DATA EXTRACT START

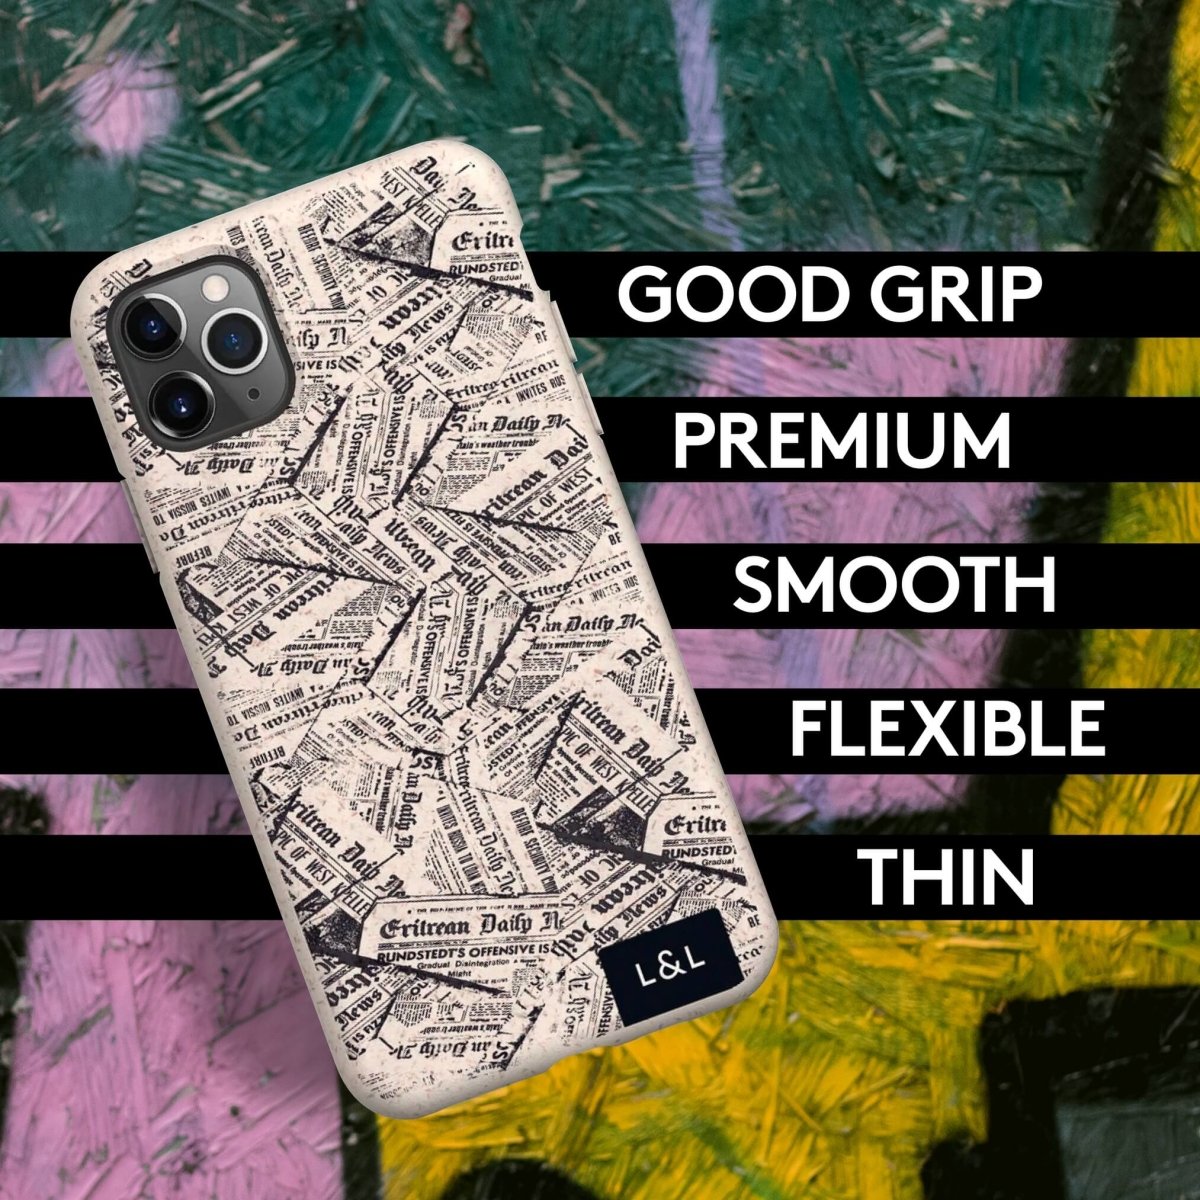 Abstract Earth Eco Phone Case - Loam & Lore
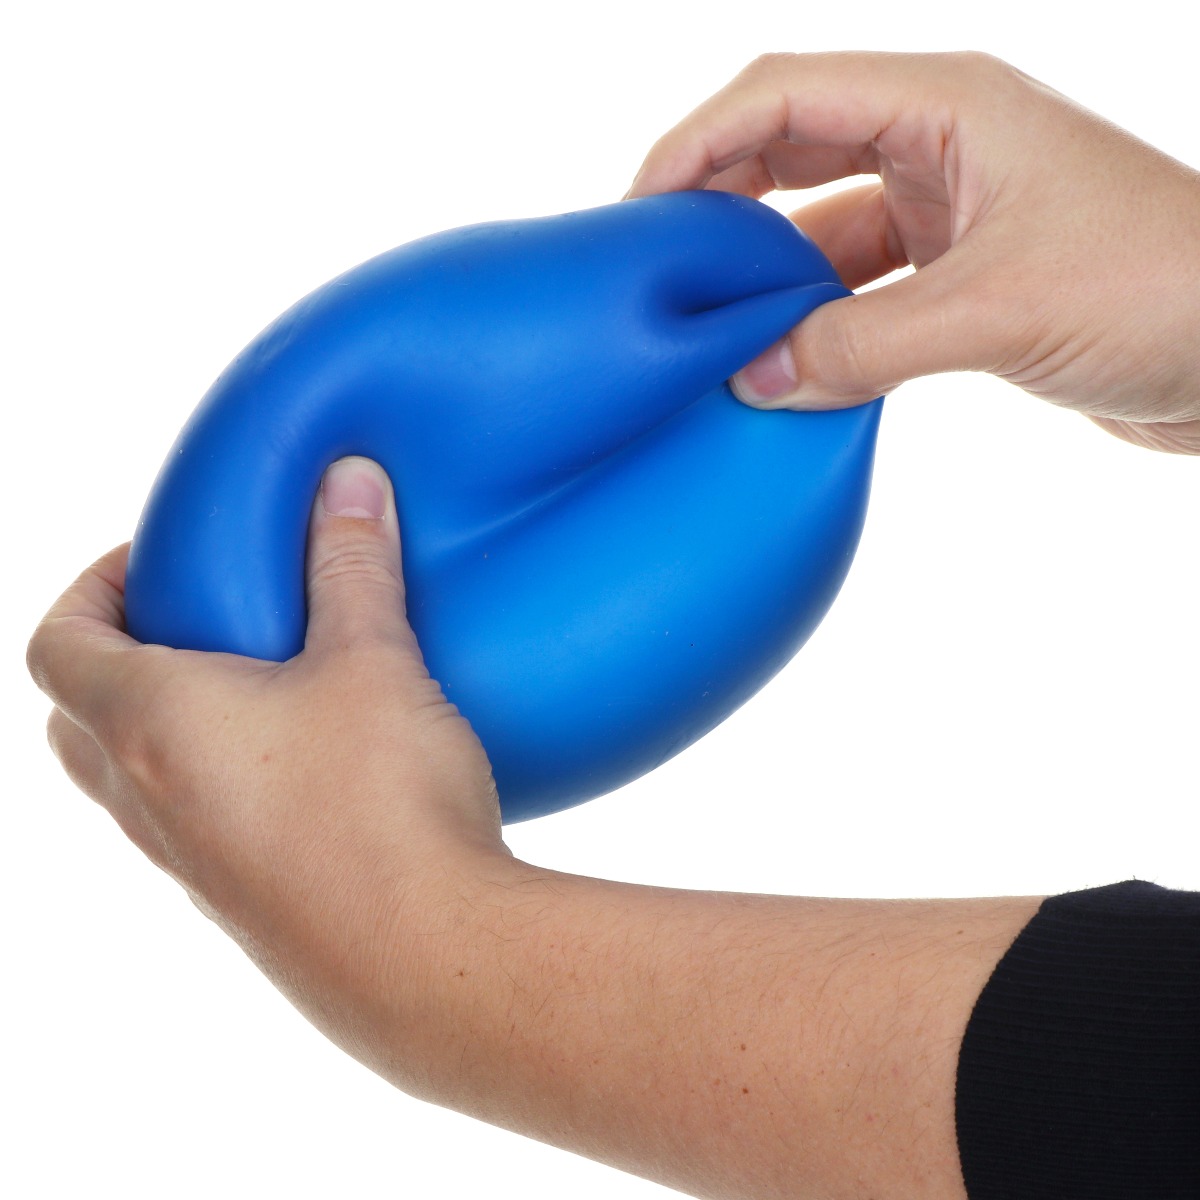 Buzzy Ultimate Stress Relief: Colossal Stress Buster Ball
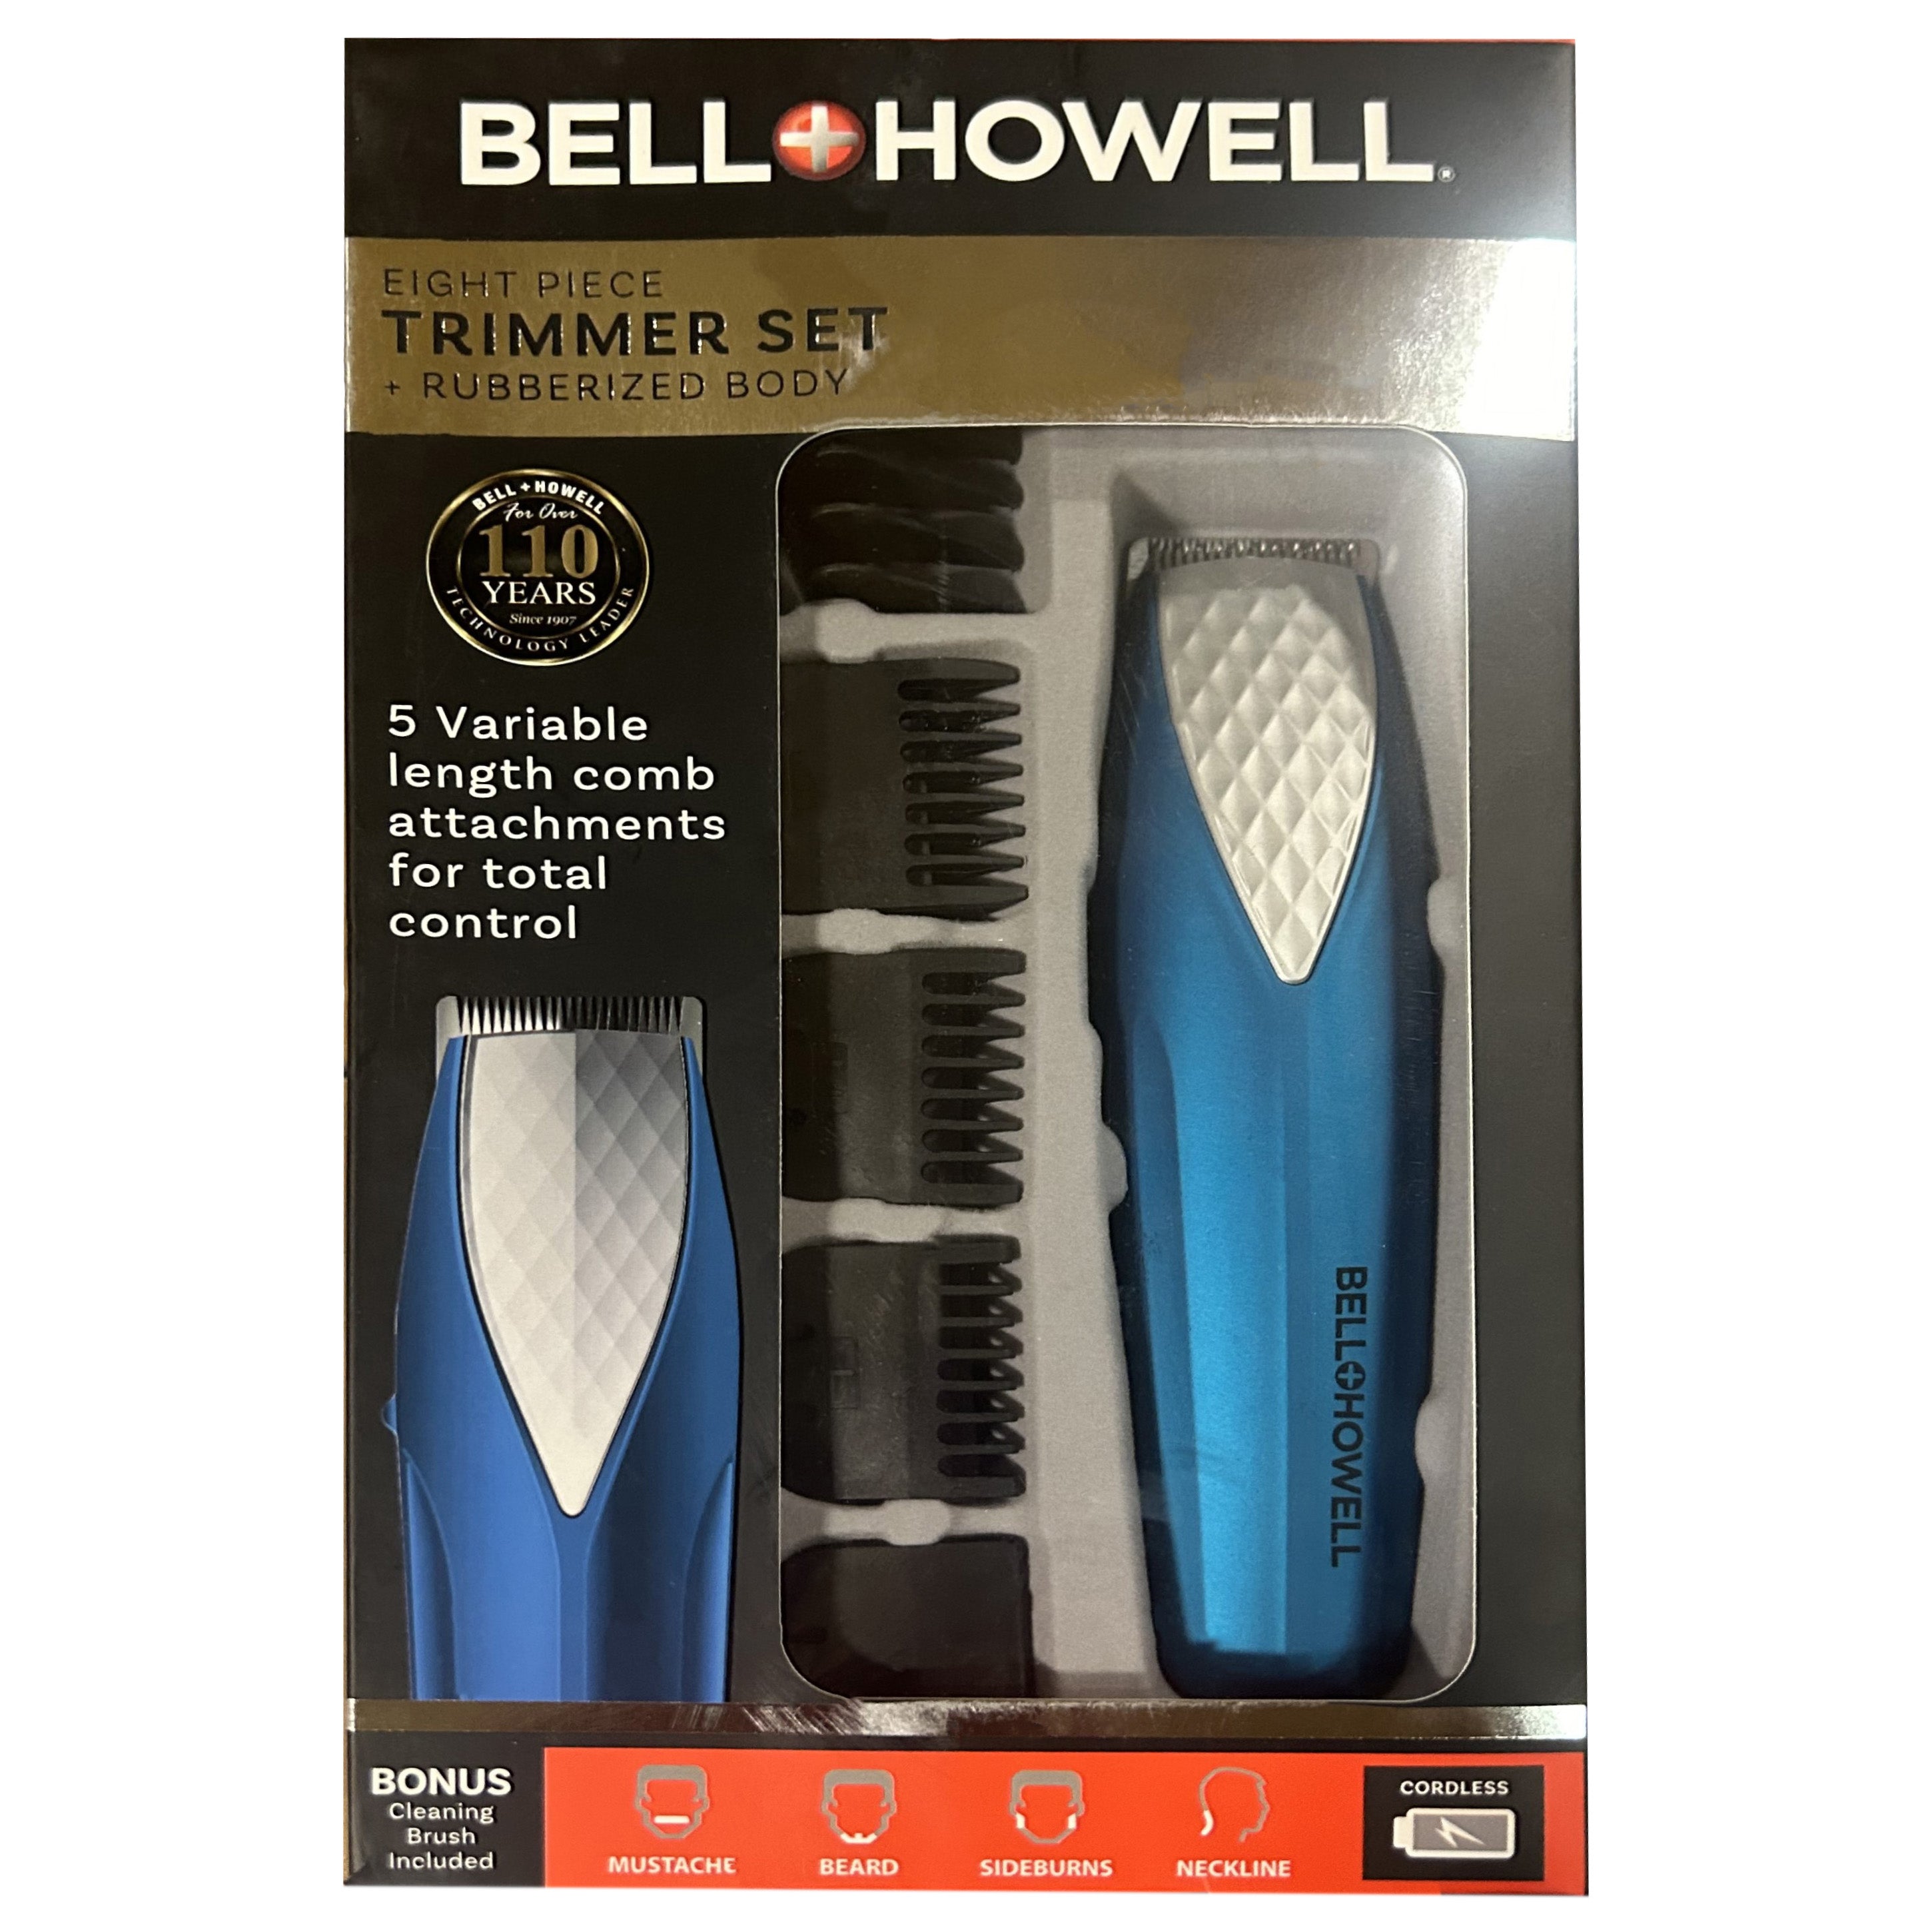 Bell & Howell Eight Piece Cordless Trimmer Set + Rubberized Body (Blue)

DATA EXTRACT END

WORK INSTRUCTIONS: Once the pictures are set aside, please reproduce the remaining material word for word.

ANSWER FOR THIS EXERCISE:
 Abstract Earth Eco Phone Case - Loam & Lore
 Buzzy Ultimate Stress Relief: Colossal Stress Buster Ball
 Bell & Howell Eight Piece Cordless Trimmer Set + Rubberized Body (Blue)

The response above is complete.